22080 Evaluation of Six Split-Thickness Skin Graft Donor Site Dressing Materials in a Swine Model

Saturday, October 12, 2013: 1:45 PM
Pamela C Masella, DO , General Surgery, Tripler Army Medical Center, Honolulu, HI
Eric M Balent, MD , General Surgery, Tripler Army Medical Center, Honolulu, HI
Terri L Carlson, DO , General Surgery, Tripler Army Medical Center, Honolulu, HI
Karen W Lee, BS , Clinical Investigation, Tripler Army Medical Center, Honolulu, HI
Lisa M Pierce, DSc , Clinical Investigation, Tripler Army Medical Center, Honolulu, HI

Introduction: Split-thickness skin grafting is a widely used reconstructive technique for the replacement of damaged or missing skin caused by burns, trauma, and chronic wounds. Donor sites may be used repeatedly when a large area of injury exists, and therefore the time to healing of the donor site becomes especially important. Ideal wound care for donor sites should include dressings that promote healing, prevent complications, and are cost-effective.1 Numerous donor site dressings are commercially available with no conclusive evidence-based consensus regarding the optimal dressing choice. We therefore used a swine model to identify which of five commonly used dressing materials promotes wound healing most effectively for use on split-thickness donor sites in comparison with our standard dressing, Xeroform (petrolatum gauze).  

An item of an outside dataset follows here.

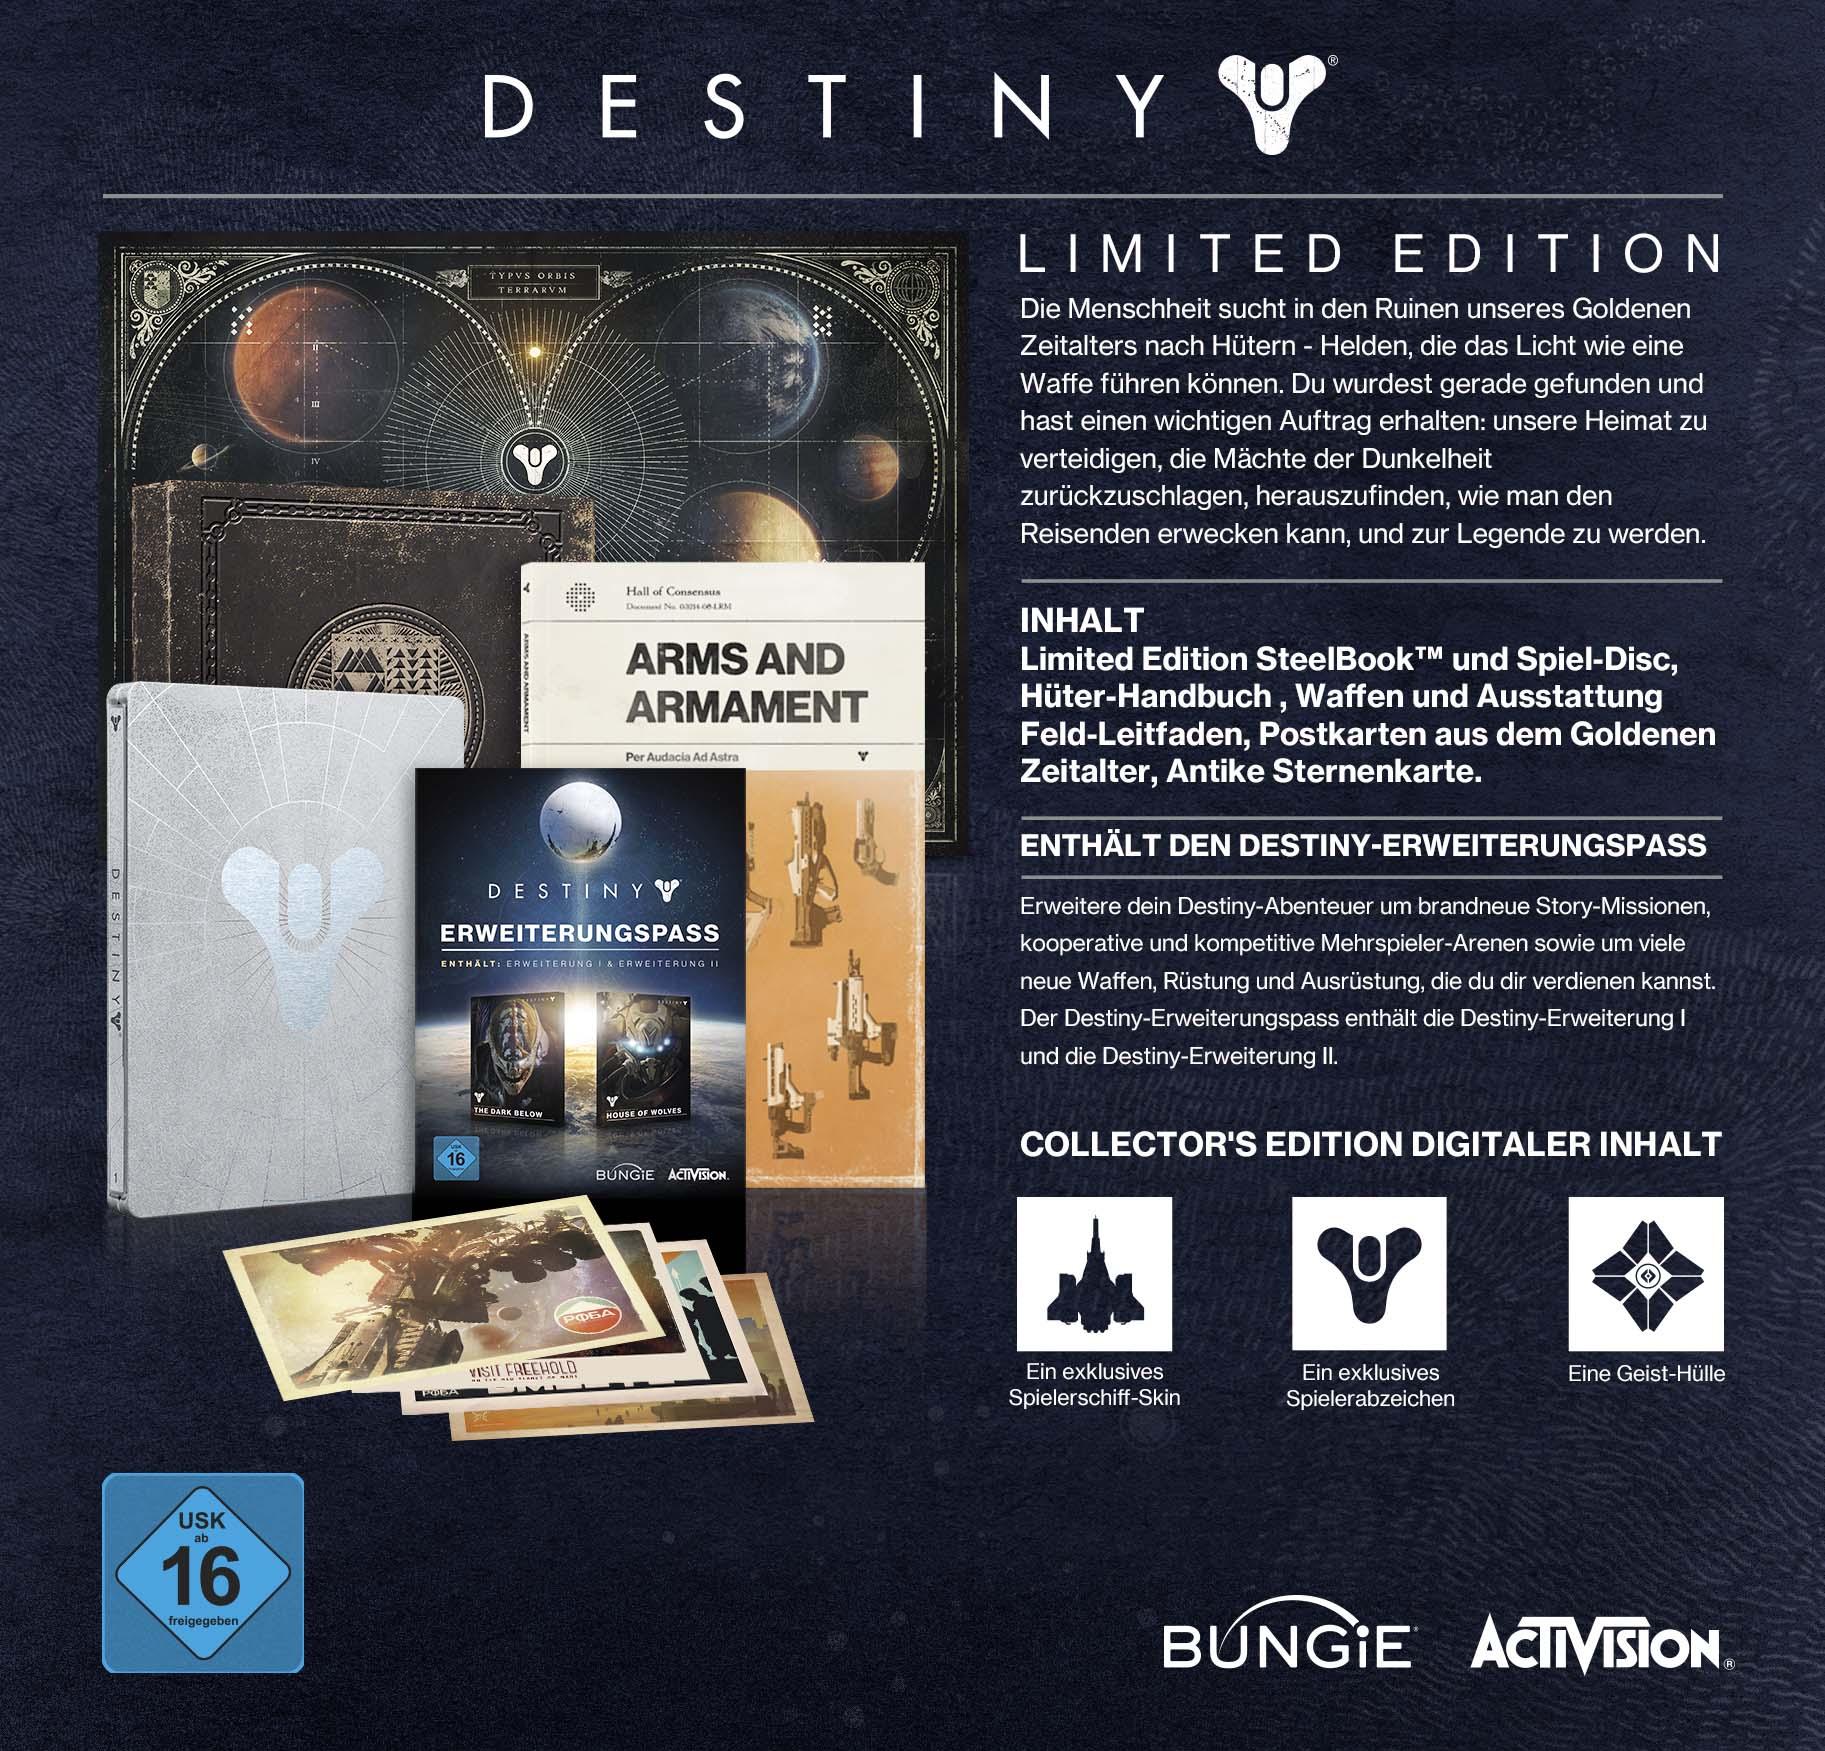 Destiny Limited Edition Inhalte
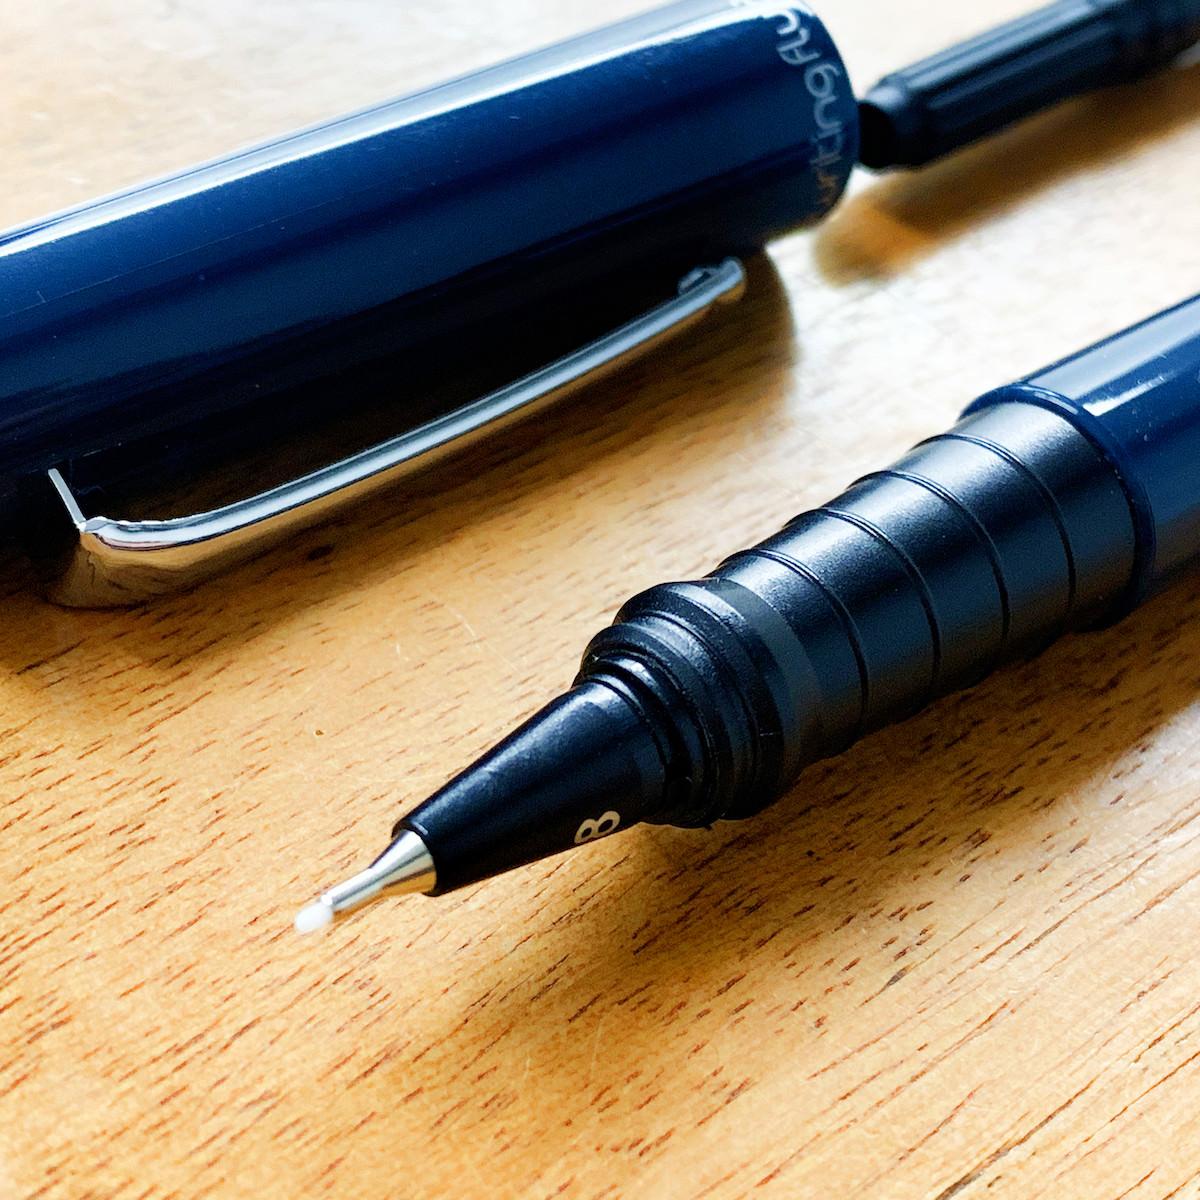 felt-pen-fluidwriting_6

Methods: Twenty-four partial-thickness skin wounds were created on the backs of 4 Yorkshire pigs using a dermatome. After randomization, wounds (n=4 per dressing type per pig) were dressed with Xeroform, Opsite (polyurethane film), Kaltostat (calcium sodium alginate), DuoDERM (hydrocolloid), Aquacel (hydrofiber), and Mepilex (silicone foam). After 3 days (n=3 pigs) or 5 days (n=1 pig), full-thickness skin samples were excised and evaluated histologically for re-epithelialization and inflammation. Comparisons also included incidence of infection, ease of use (application and wound care), and cost analyses. 

Results: DuoDERM-treated donor sites showed the greatest percent re-epithelialization (81±7 SEM) while Mepilex sites showed the lowest (33±4) after 3 days (p=0.004, DuoDERM vs. Mepilex). All dressings demonstrated complete re-epithelialization except Mepilex (85±4%) at 5 days. There were no infections and inflammation was mild among all dressing types. Mepilex was easiest to use, while Aquacel, Kaltostat, and Opsite were most difficult (p=0.03). Xeroform was most cost-effective (0.17 cents/cm2) and Aquacel (7.10 cents/cm2) was most expensive. Combined scoring revealed DuoDERM = Xeroform > Opsite = Mepilex > Kaltostat > Aquacel.

Conclusions: DuoDERM and Xeroform were the most effective dressings overall. DuoDERM tended to outperform all dressings in re-epithelialization at 3 days, while Xeroform was least expensive, easy to use, and demonstrated rapid re-epithelialization. These findings suggest that Xeroform may be preferred for use on large donor site areas. DuoDERM may be more appropriate for use on small donor sites when time to healing is a priority.